To this day, I will regularly play C&C on a long drive and find myself tearing up at a different song every time. I may have cried to “Too Much Rain” at age 12, but at age 27, I’ll find myself sobbing to “This Never Happened Before.” Paul’s lyrics and tunes hit me on such a deep emotional level, having been planted at such a young age. In 2005, I was just 9 years old. Like rock climbing, C&C has been a part of me for two-thirds of my life. I could have grown out of it, but quite the opposite has happened; I’ve grown increasingly into it.
I am a big album person in general. If I have a long car ride ahead, I will queue multiple albums based on my mood. When I recommend an album to someone, it’s only if I believe it to be top-to-bottom good. Obviously, C&C is one of them. So too is Billy Joel’s The Stranger, Ben Folds’ Rockin the Suburbs. Alternative rock albums from my teenage years, like Wiped Out! by The Neighbourhood, You Haunt Me by Sir Sly. In more recent years, X by the Driver Era, LP3 by Hippo Campus. Whenever I really don’t know what I want to listen to, though, I know I will find solace in Language and Perspective, the first full-length album by my favorite band, Bad Suns.
My affinity for Bad Suns is not unlike my affinity for Paul. I have seen them maybe 9 times in concert.
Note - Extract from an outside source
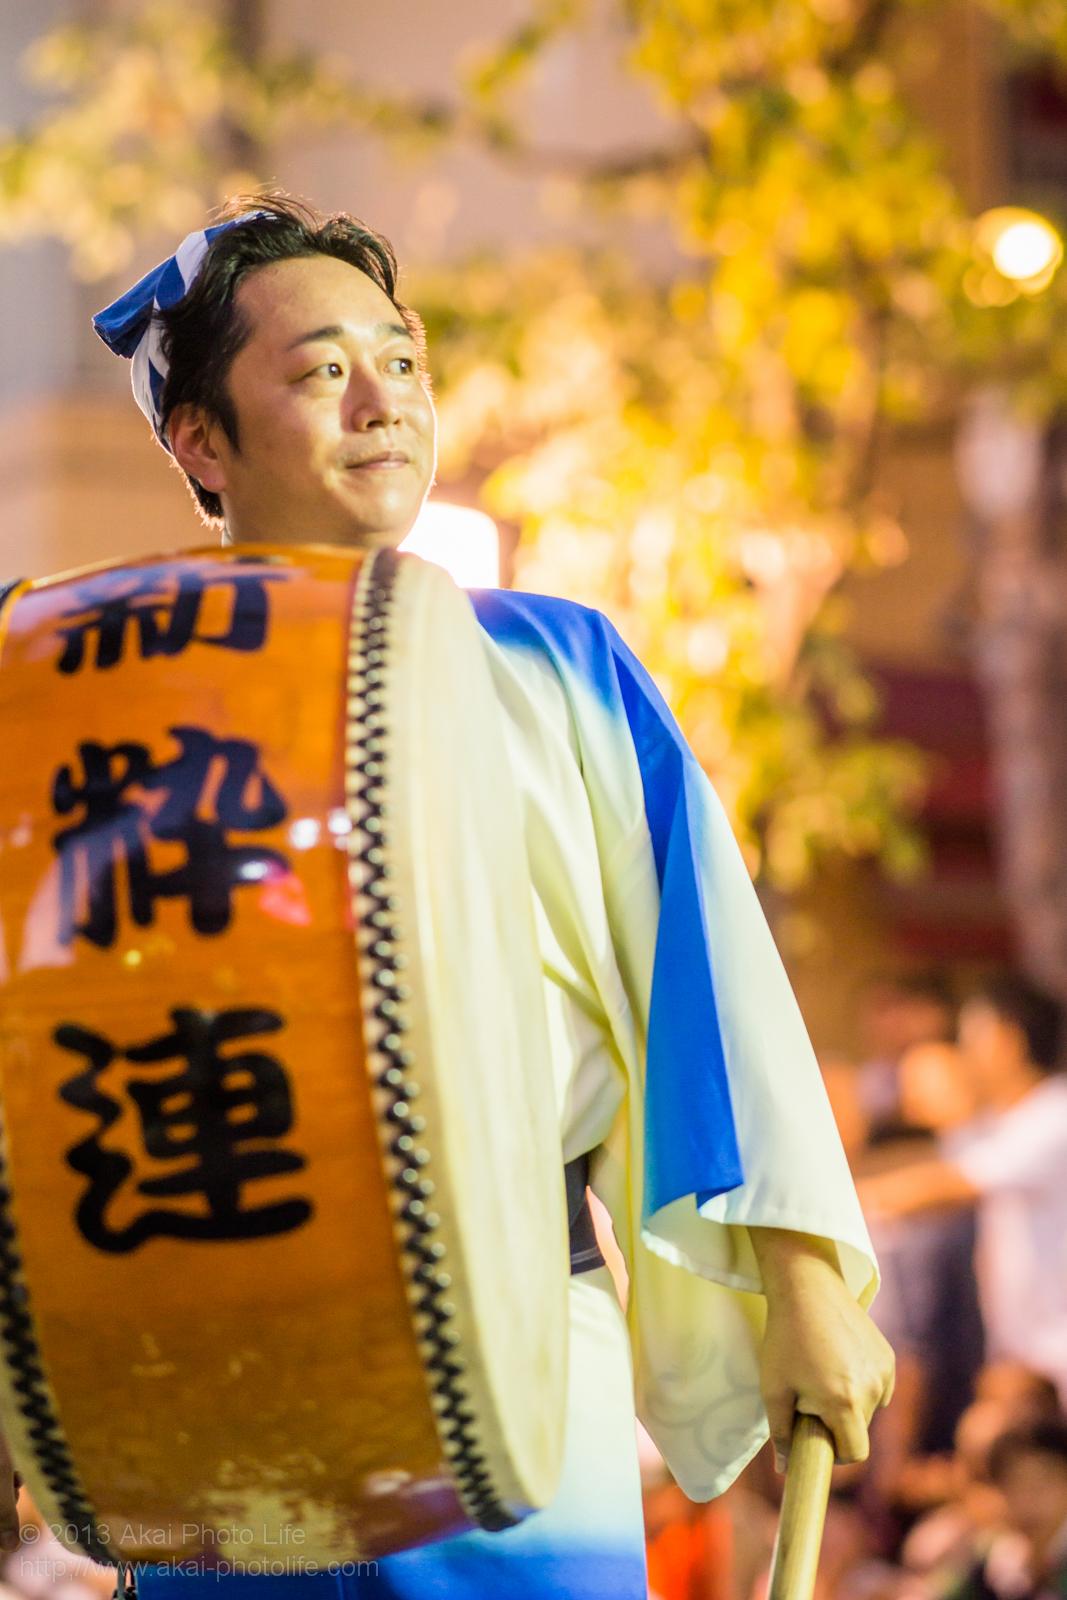 三鷹阿波踊り、新粋連の鳴り物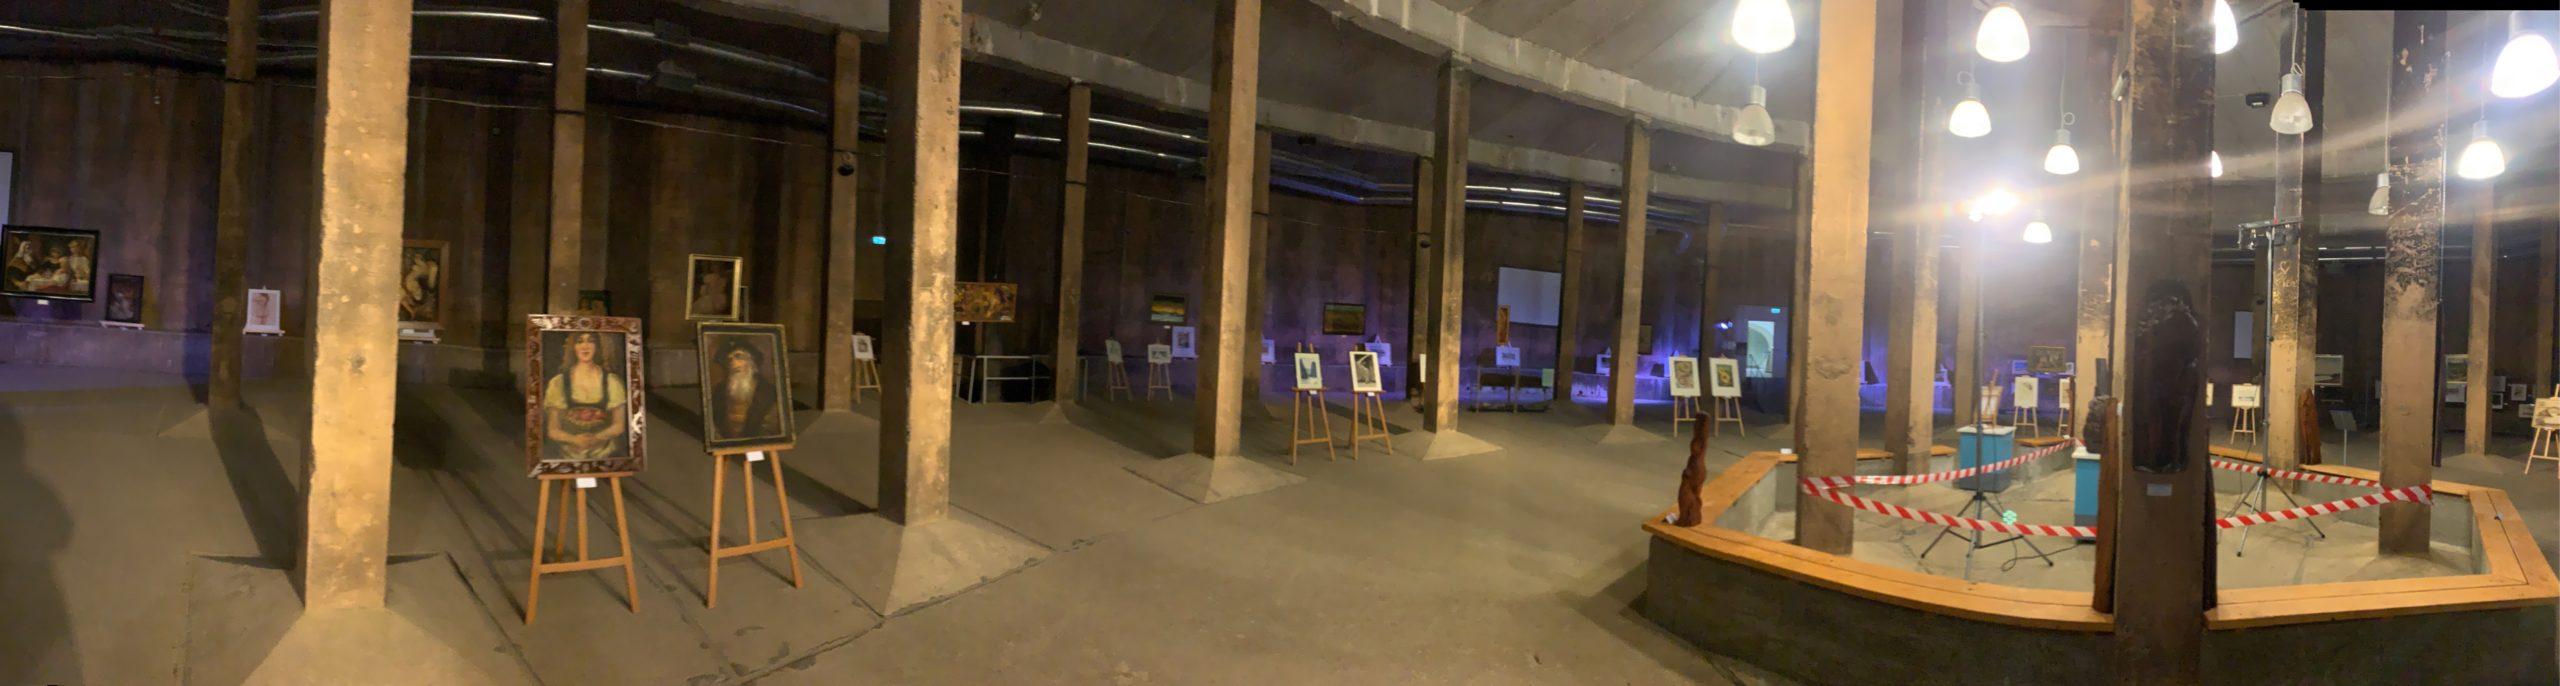 Kunstausstellung Thronicke

I have one of their lyrics tattooed on my arm (it should be noted I also have a yellow submarine tattoo on my foot). I obsess over their interviews and am in their top 0.5% of listeners every year. To put it simply, I love them. I love Paul. And it’s ironic that love should be the common denominator.
When I think of both Chaos and Creation and Language and Perspective and why they have continually affected me, I’ve realized it’s precisely because they’re not necessarily about love. Chaos and Creation speaks to companionship and friendship quite a bit; Language and Perspective is highly existential, trying to get to the meaning of all of this. Until just the past couple of years, I freely admitted that I didn’t think I knew what love was. Which meant that a lot of music was a little lost on me — but never those two albums.
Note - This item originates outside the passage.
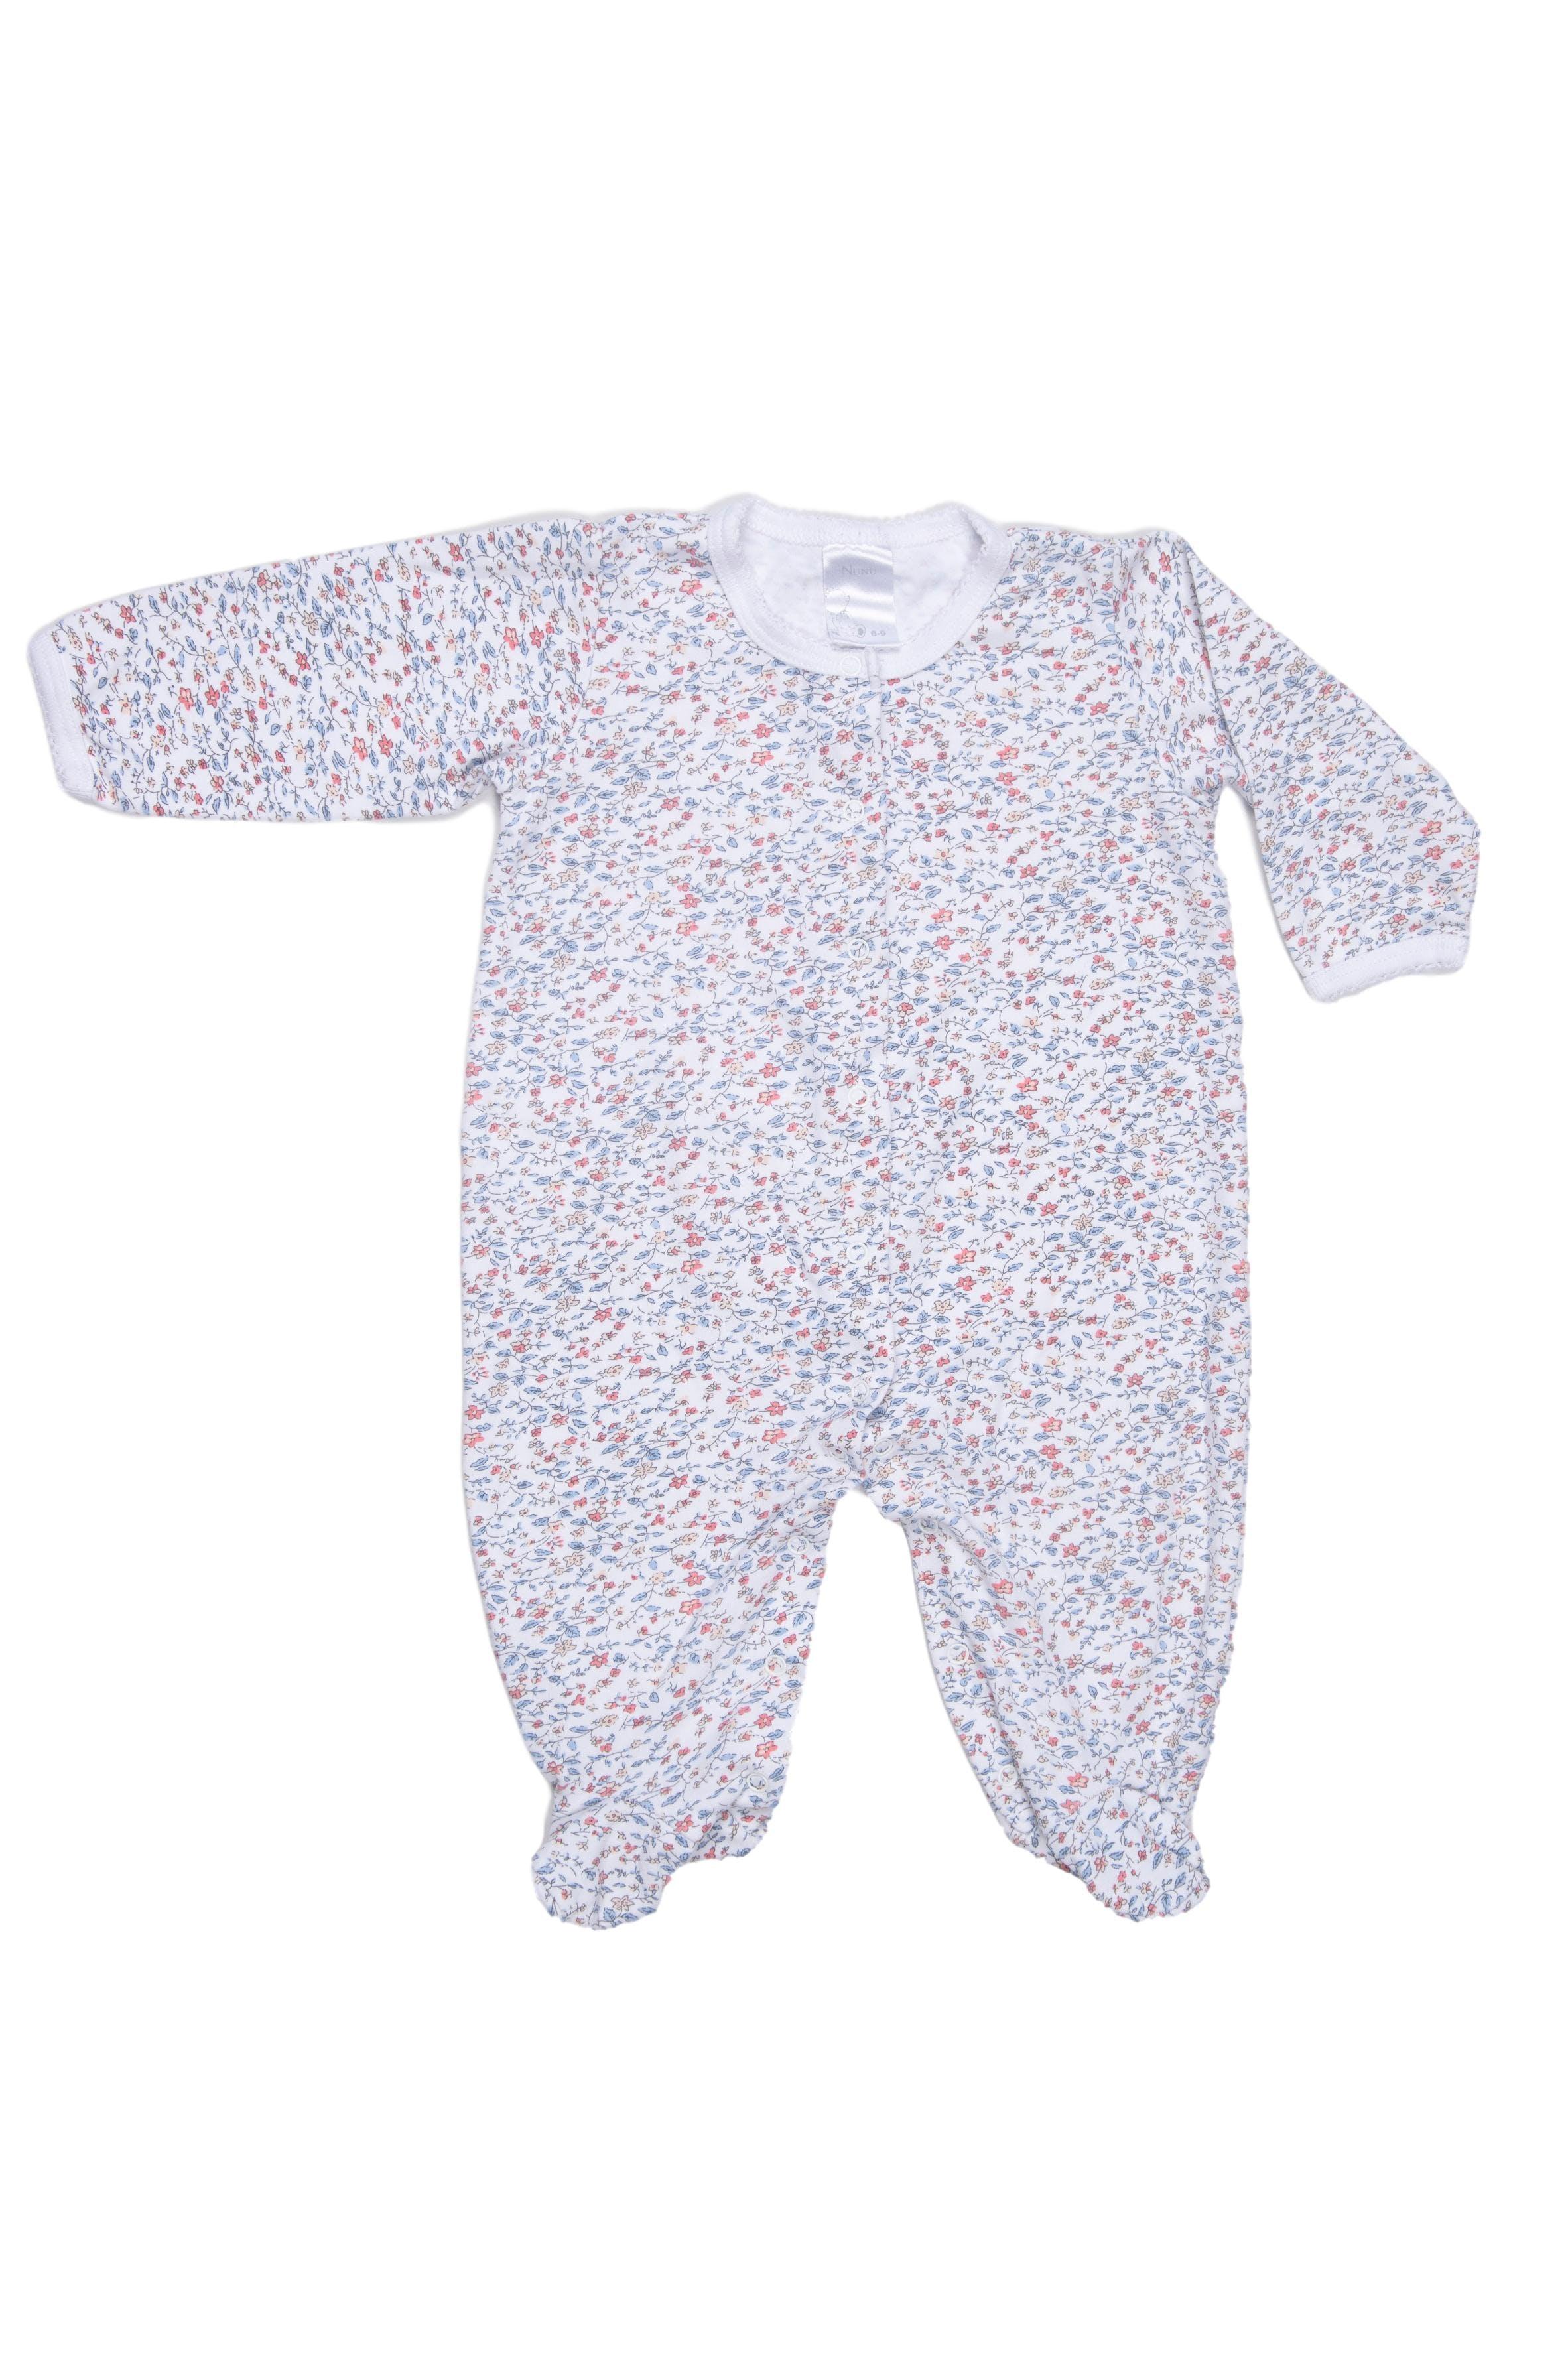 Pijama fondo blanco estampado de flores, doble tela en el pie, 100% algodón pima. Muy suavecita. - Nunu

I don’t care much for genres like rap or country are because they’re unrelatable to me. I can still totally appreciate their lyricism or sound, but I won’t connect with them the same way due to their content. In contrast, I have always been able to appreciate both Paul’s and Bad Suns’ lyricism and sound in the same and newfound ways through the years. And it’s because their content speaks to life more broadly. Though both albums touch on aspects of love, they’re not all about love. So too has been the story of my life.
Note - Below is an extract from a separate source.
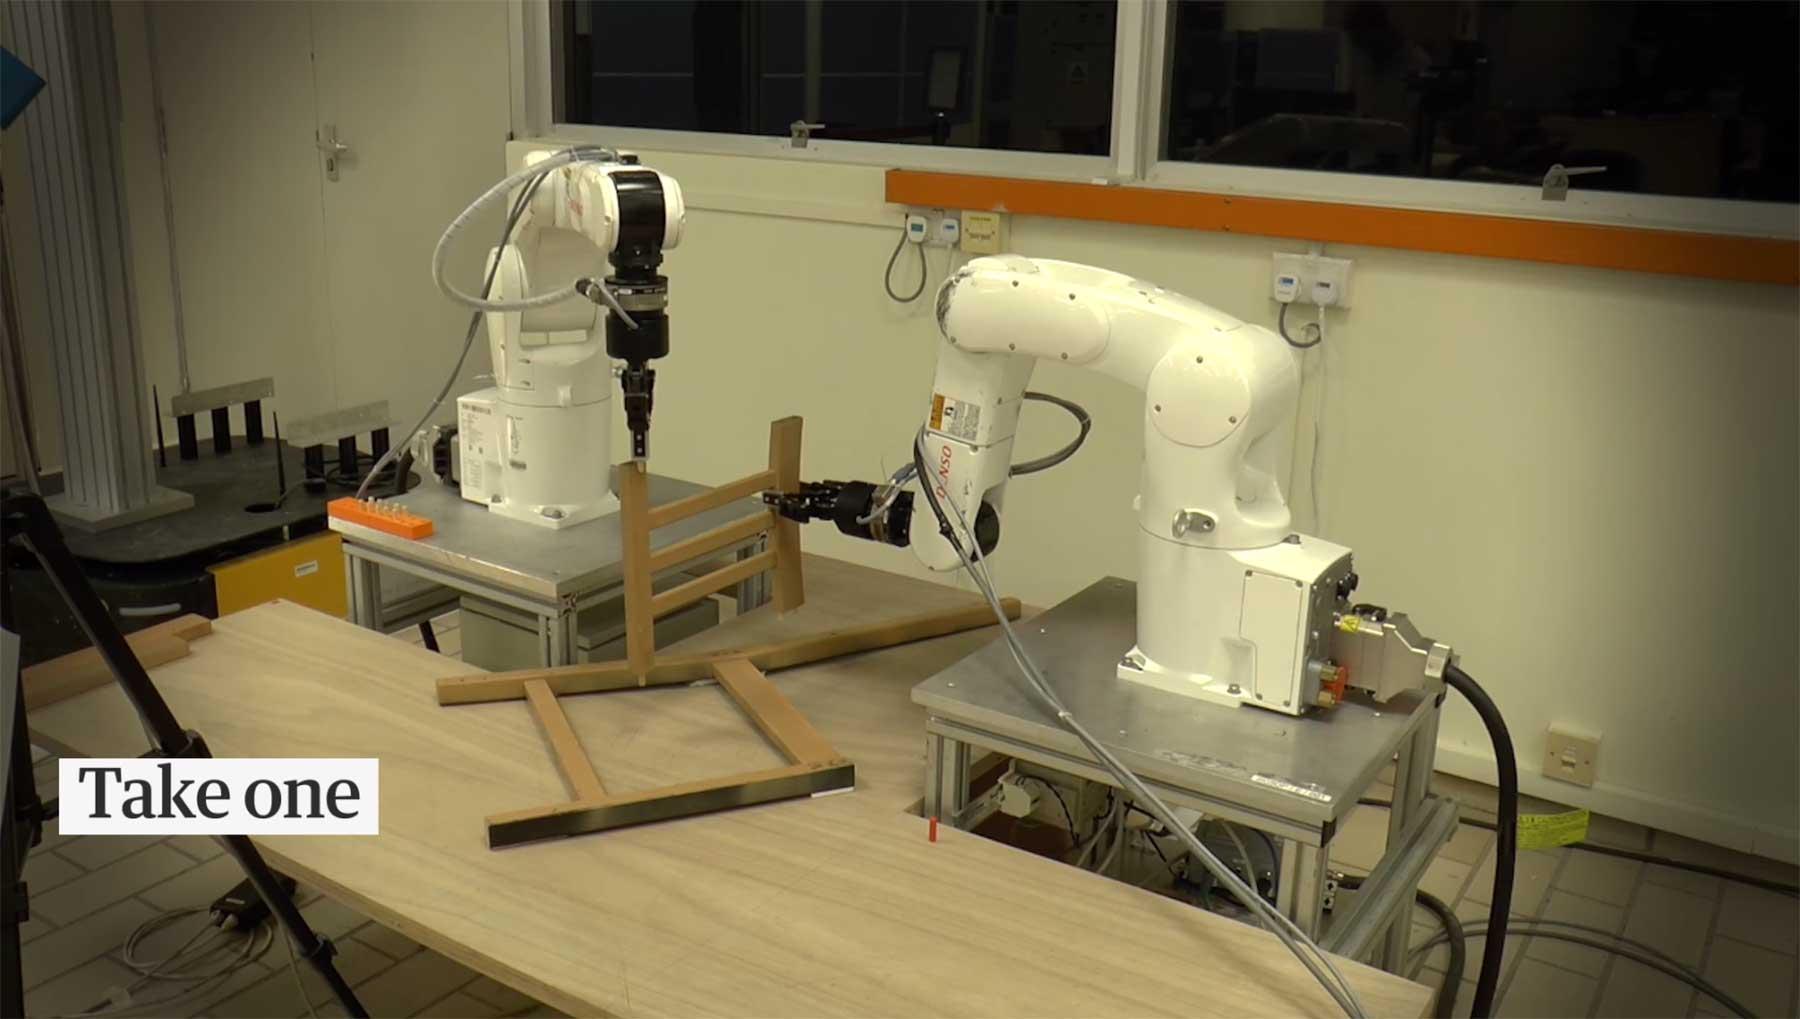 Roboter bauen einen IKEA-Stuhl zusammen roboter-bauen-ikea-auf

Now that I have some semblance of what capital L “love” is, songs hit me harder than they ever have. But nothing will compare to the way these original albums cut to the very core of my being. There are few songs like “Anyway” that can stop me dead in my tracks just hearing the piano chords in the liquor store. There are few bands that I would willingly go see 9 times. In that sense, perhaps I knew what love was all along.